#### GIVEN INFORMATION

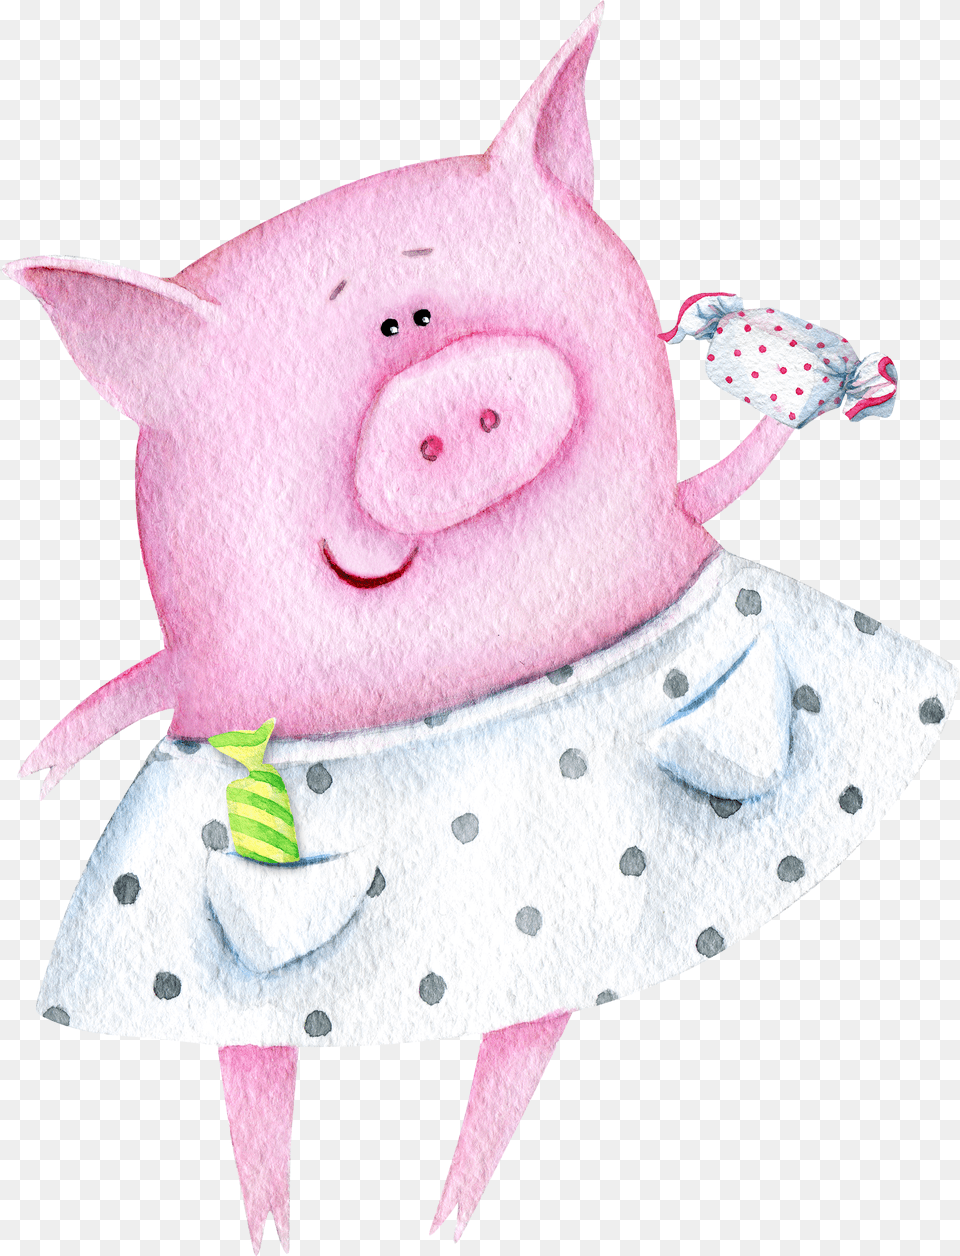 Domestic Pig Piglet Watercolor Painting Illustration Dnem Rozhdeniya Yulya Svinya Png Image
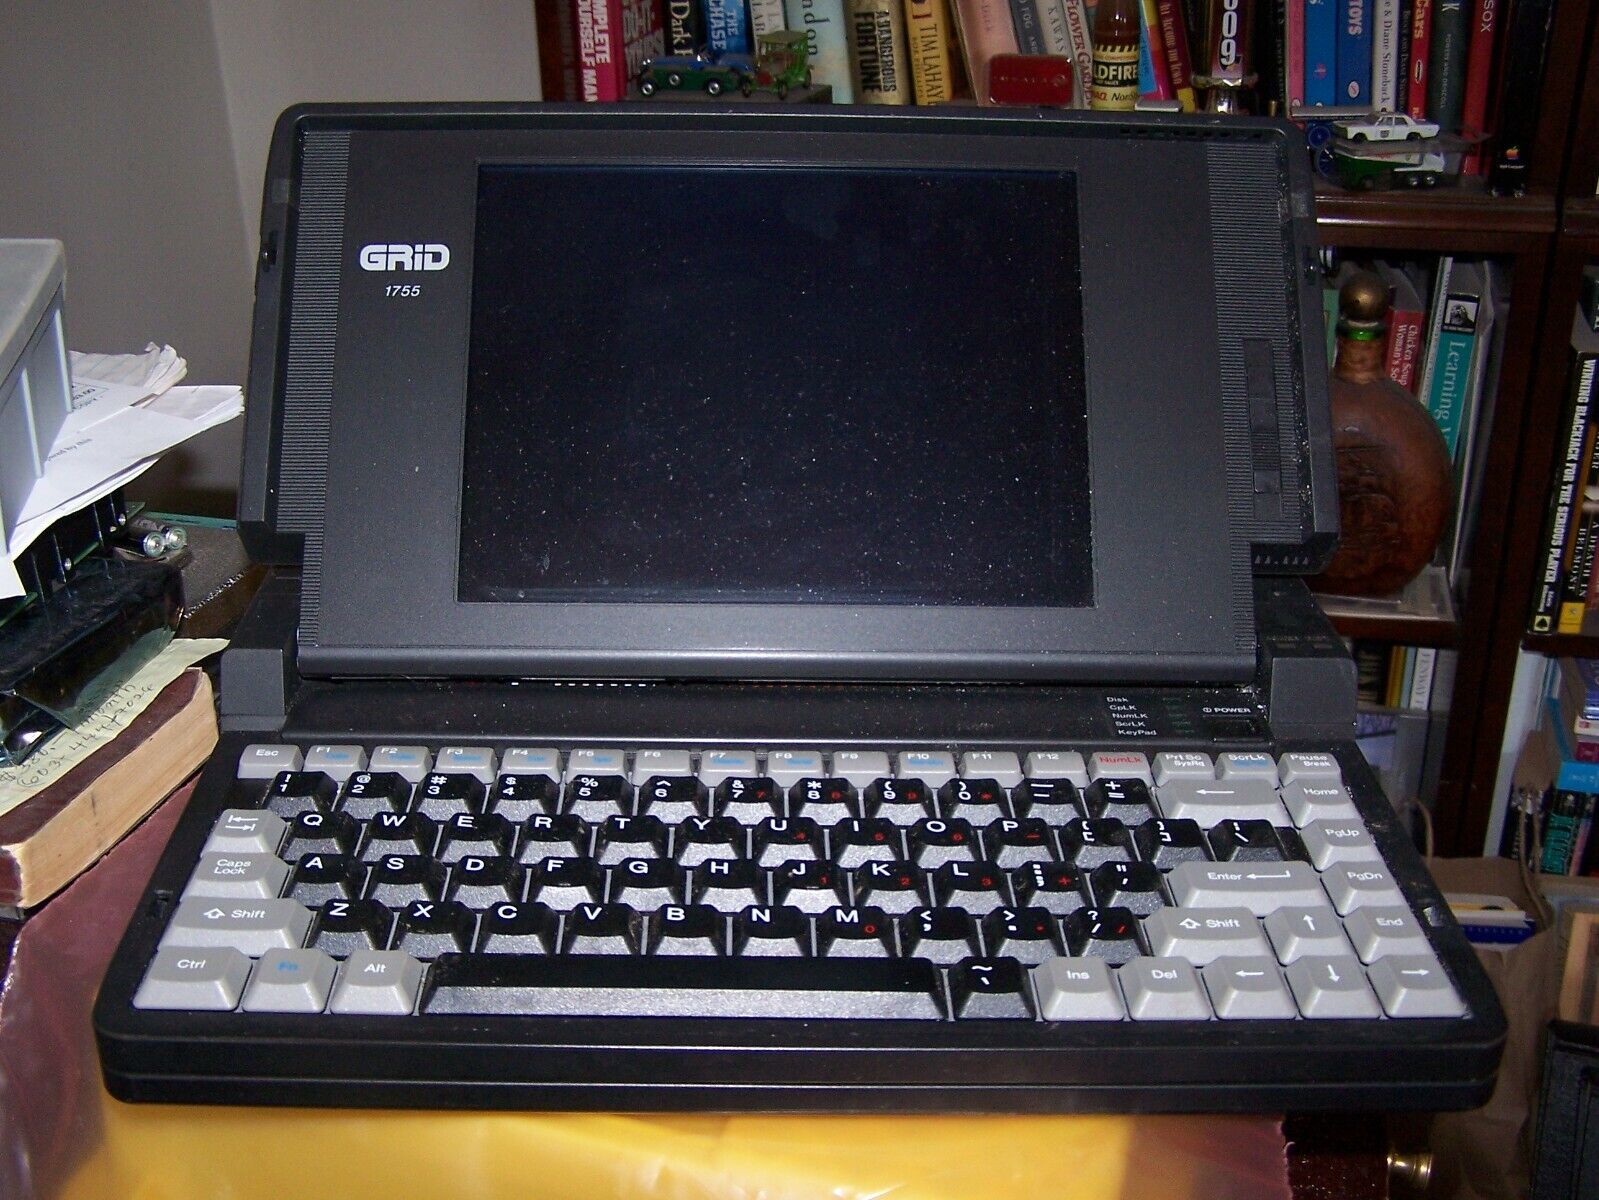 Grid Laptop Model 1755 P/N G20-1755 - Estate Sale SOLD AS IS
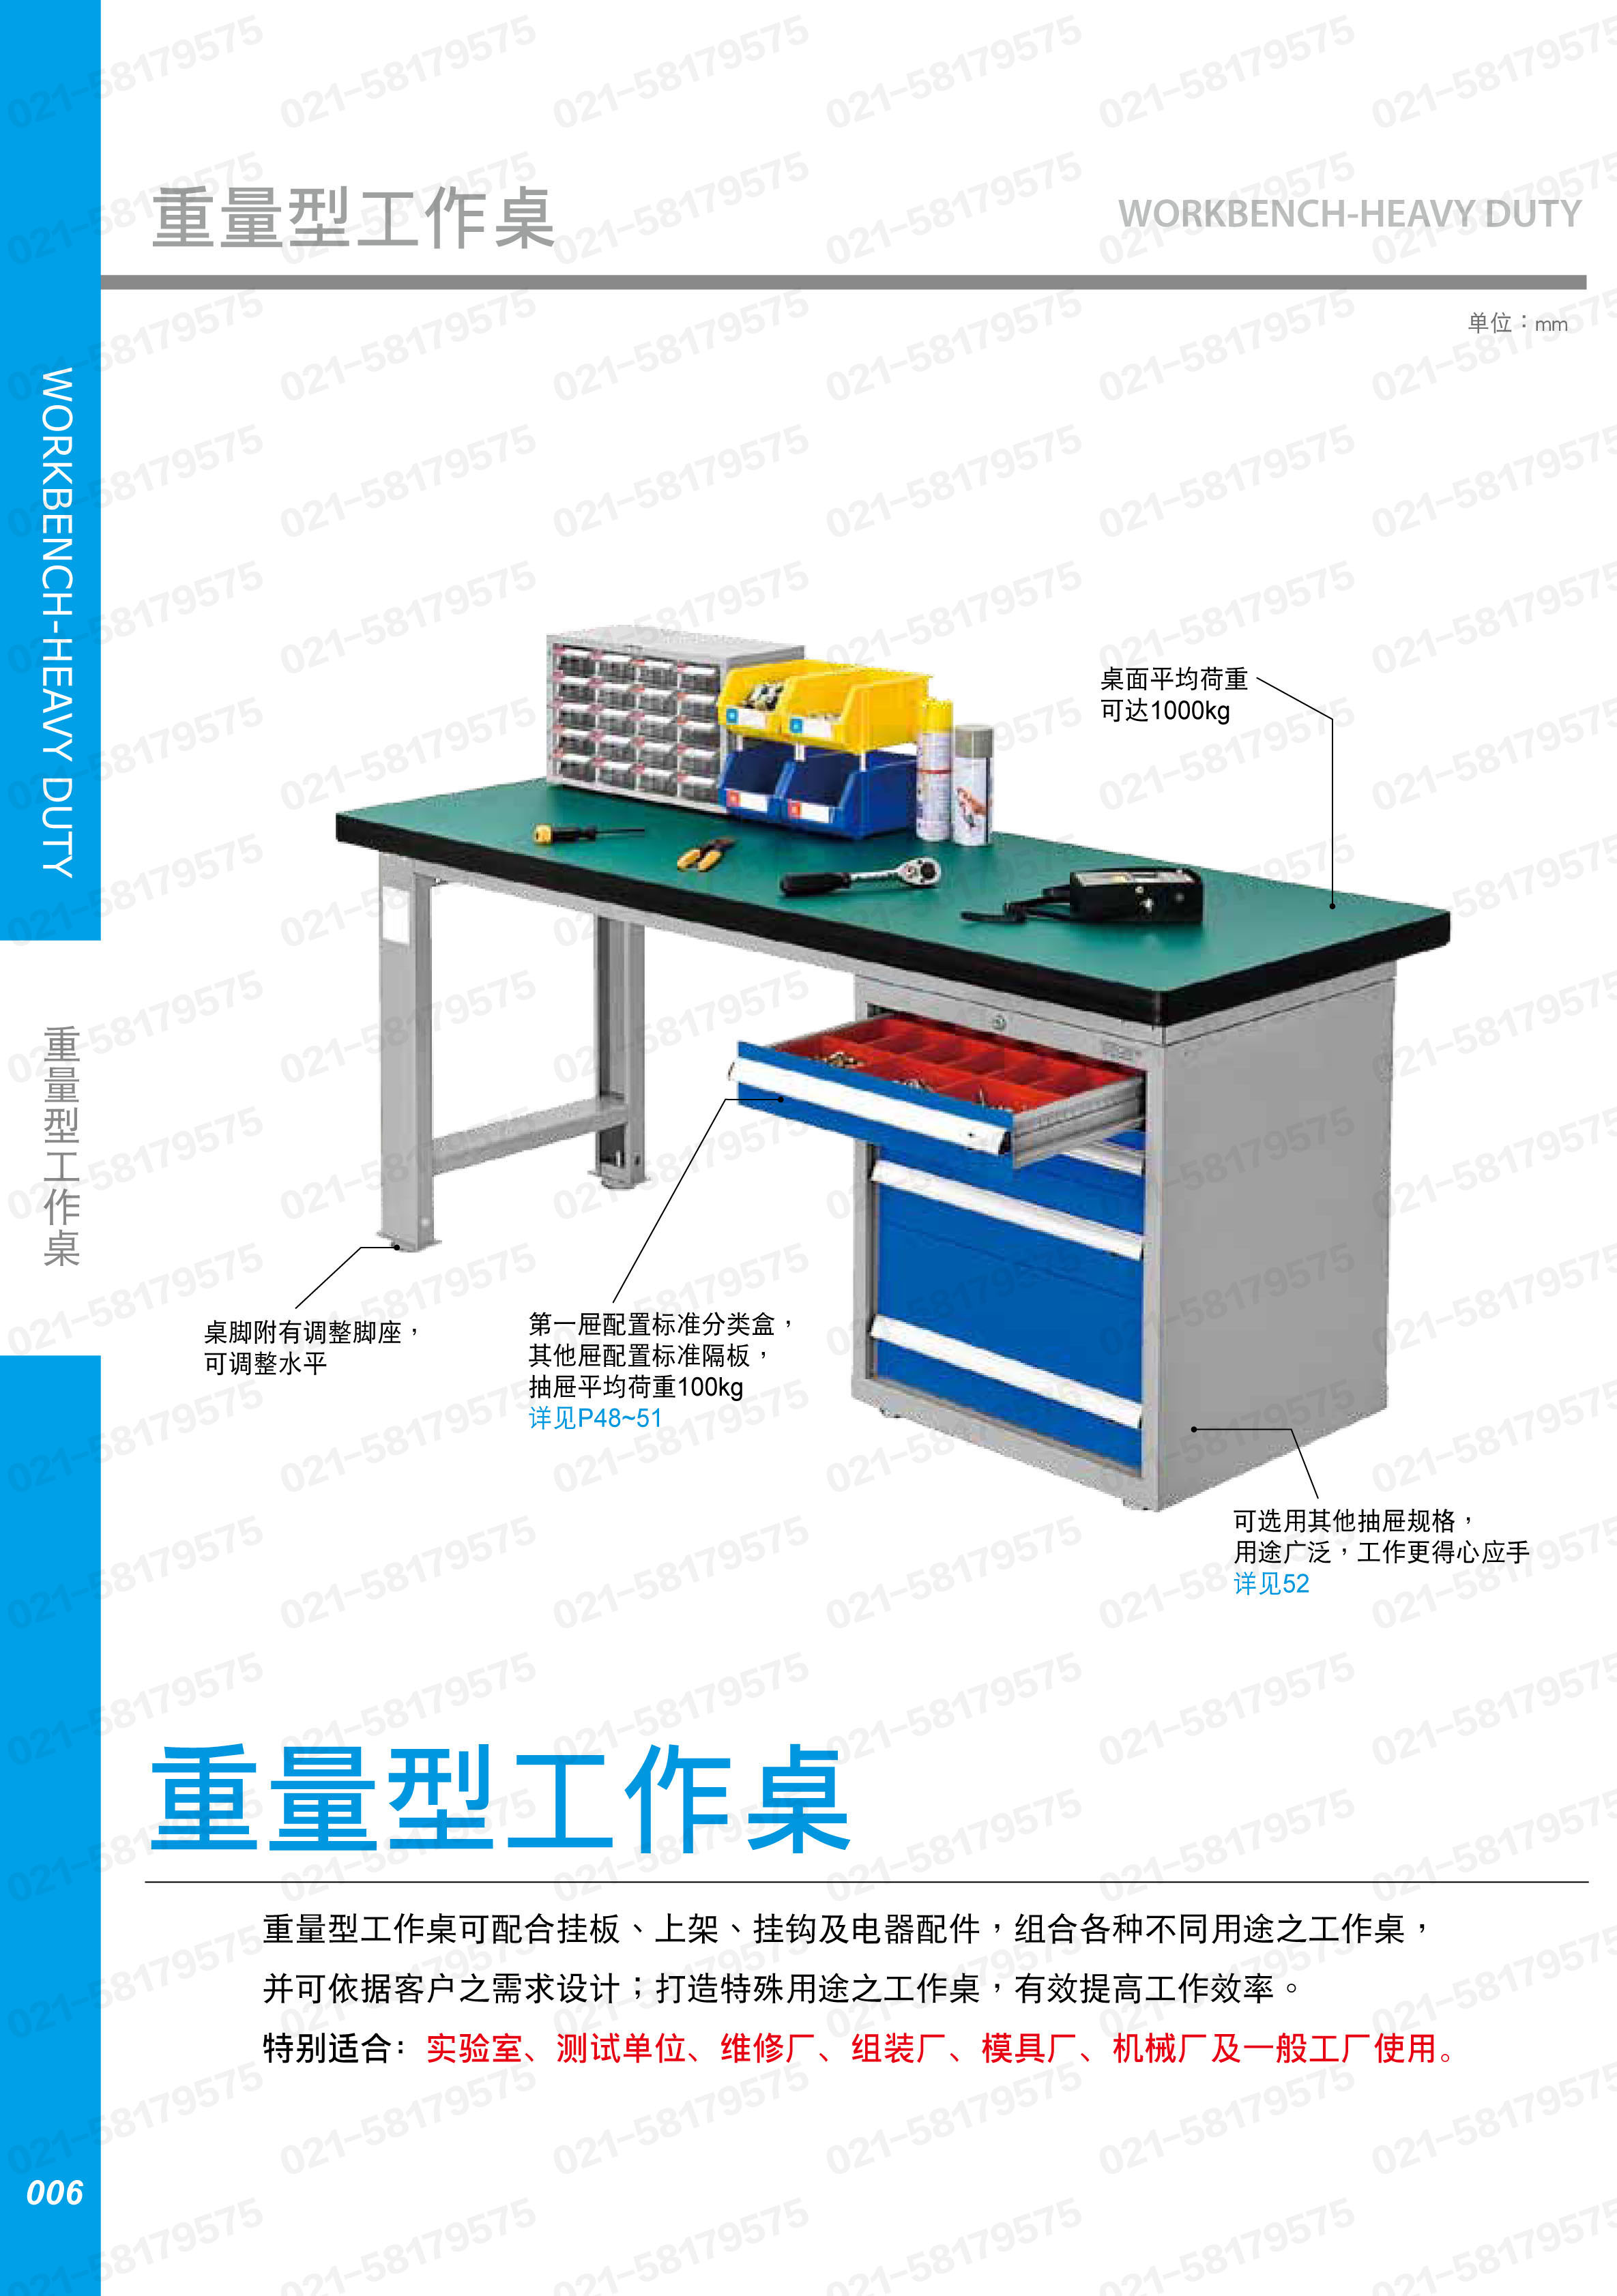 重型工作桌1500×750×800mm平均承重1吨原木桌板 横置3个抽屉,WAT-5203W,3M0881

########

* _YOUR OBJECTIVE_:
Everything in the data except the pictures must be transcribed exactly.

* _SOLUTION FOR THIS PROBLEM_:
 Domestic Pig Piglet Watercolor Painting Illustration Dnem Rozhdeniya Yulya Svinya Png Image
 Grid Laptop Model 1755 P/N G20-1755 - Estate Sale SOLD AS IS
 重型工作桌1500×750×800mm平均承重1吨原木桌板 横置3个抽屉,WAT-5203W,3M0881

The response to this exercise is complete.